Although the actual potential mechanisms of certain DAAs (as BMS-986094 and IDX-14184) related cardiotoxicity remains unclear, series of non-clinical in vitro and in vivo studies showed that it may be related to some potential changes in cardiac energy utilization rather than being a direct mitochondrial toxicant [21]. Further investigations for the potential mechanisms of cardiac dysfunction and its relevance to other DAA drugs are still needed.

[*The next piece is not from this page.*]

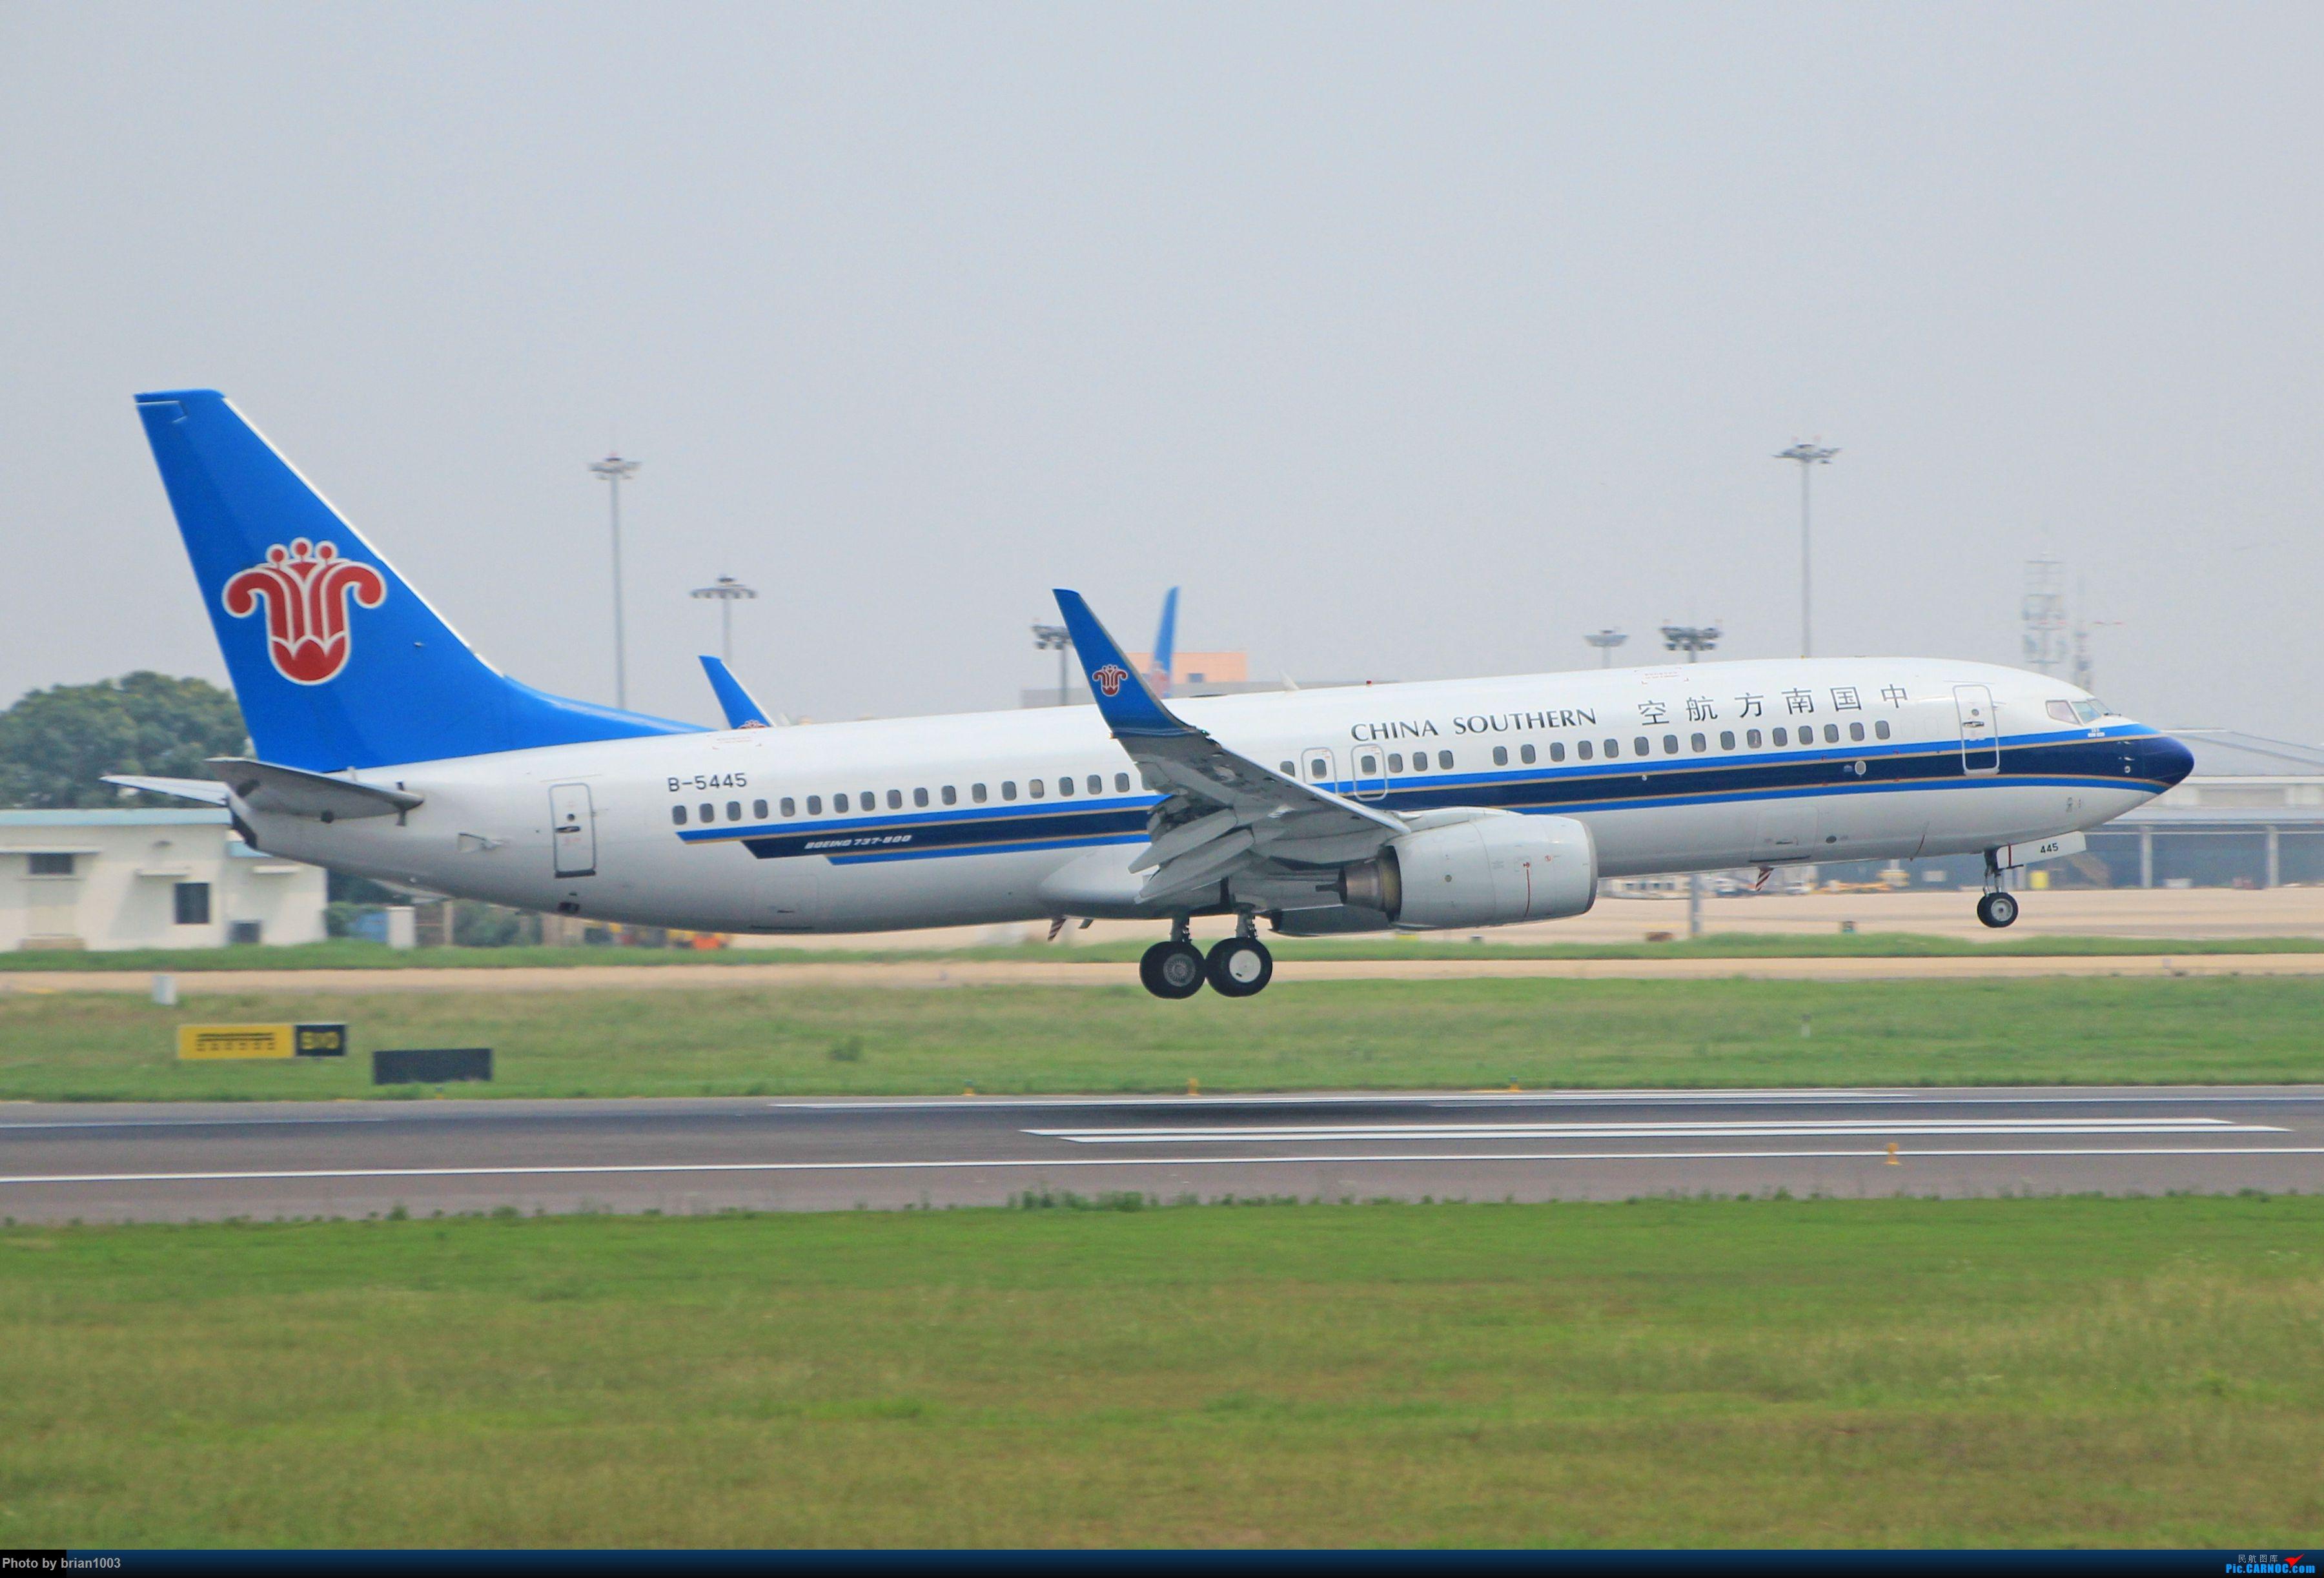 Re:[原创]WUH天河机场拍机之六月还有啥(X7家744F、天津大韩港龙333、巴基斯坦772、B6419、ER-BBJ 74F、某菊塞斯纳、俄航77W) BOEING 737-800 B-5445 中国武汉天河国际机场
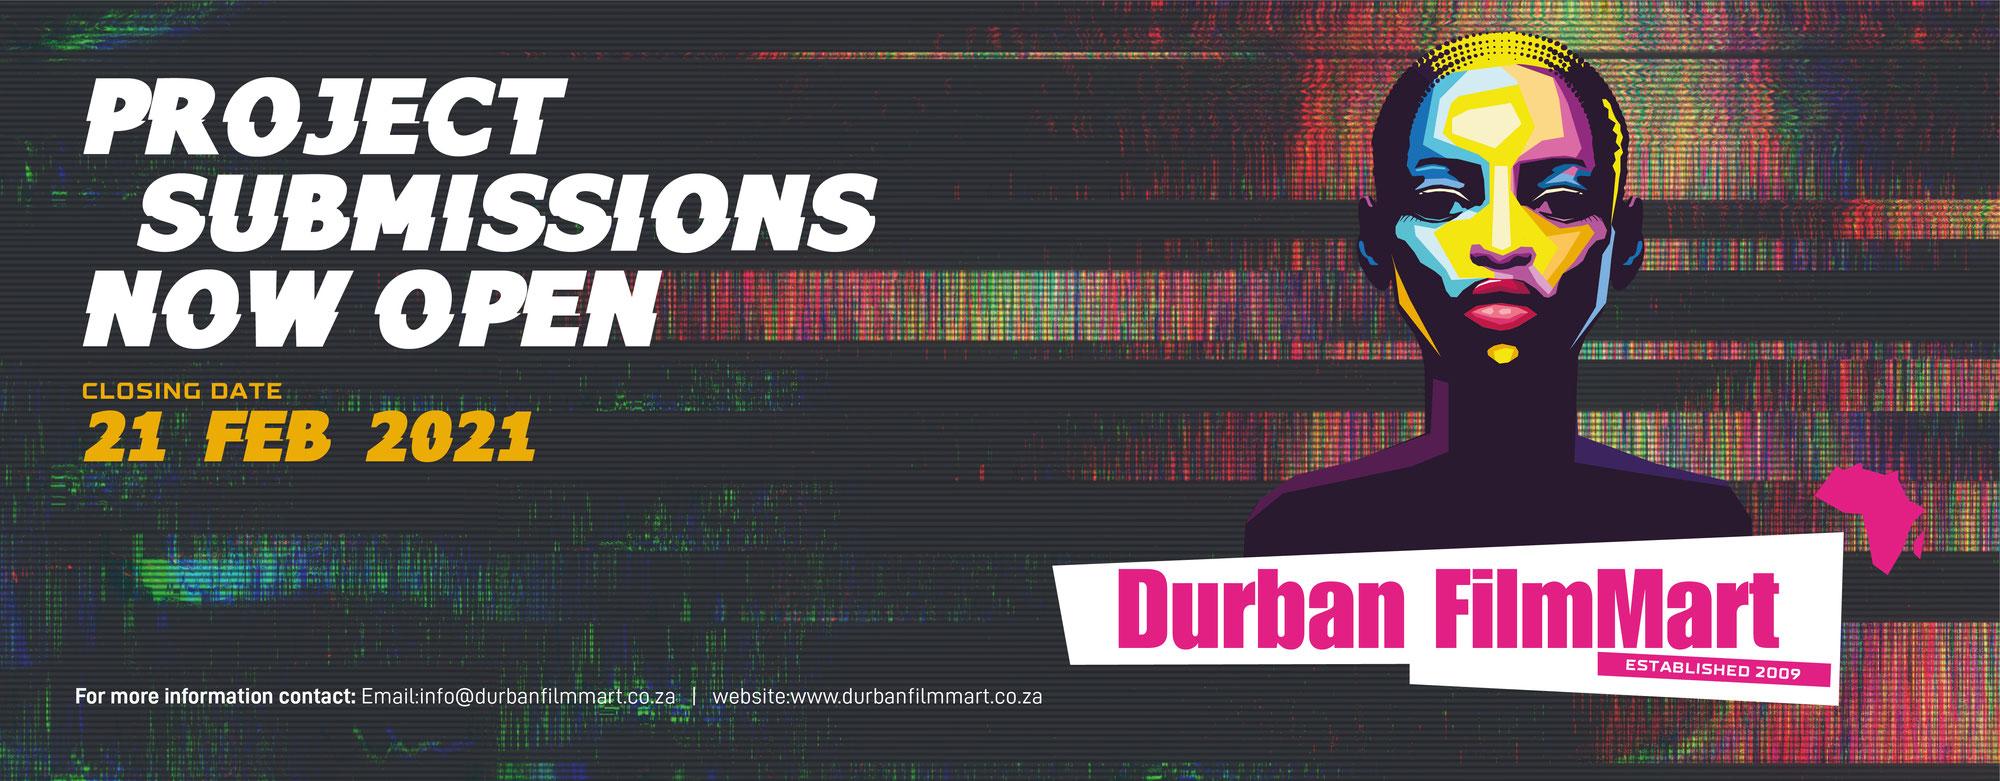 AFRIQUE DU SUD : le  Durban FilmMart cherche des projets

To the best of our knowledge, this was the first study to investigate the effect of different DAA regimens in patients with impaired LV systolic function, and significantly more worsening in the GLS and the segmental strain was observed in such patients compared to those with normal basic LVEF. This could be explained by the fact that patients with impaired LV systolic function had important modification in their contractile proteins, as proteolysis of the myofilaments (myocytolysis) and reduction in the volume of myofibrils per cell, also the alteration in the expression and/or activity of myofilament regulatory proteins, that is proposed to decrease the contractile function in HF [22]. And based on the previously mentioned microscopic analysis of the myocardium in index case which was reported by Ahmed et al., the majority of the myocardium of both ventricles showed diffuse thinning and elongation of cardiac myocytes associated with fine interstitial fibrosis and marked interstitial edema, which is consistent with toxic cardiomyopathy [19]. This may explain why patients with impaired LVEF were more liable to significant myocardial injury by DAA than those with normal LVEF, which was early detected by 2D-STE.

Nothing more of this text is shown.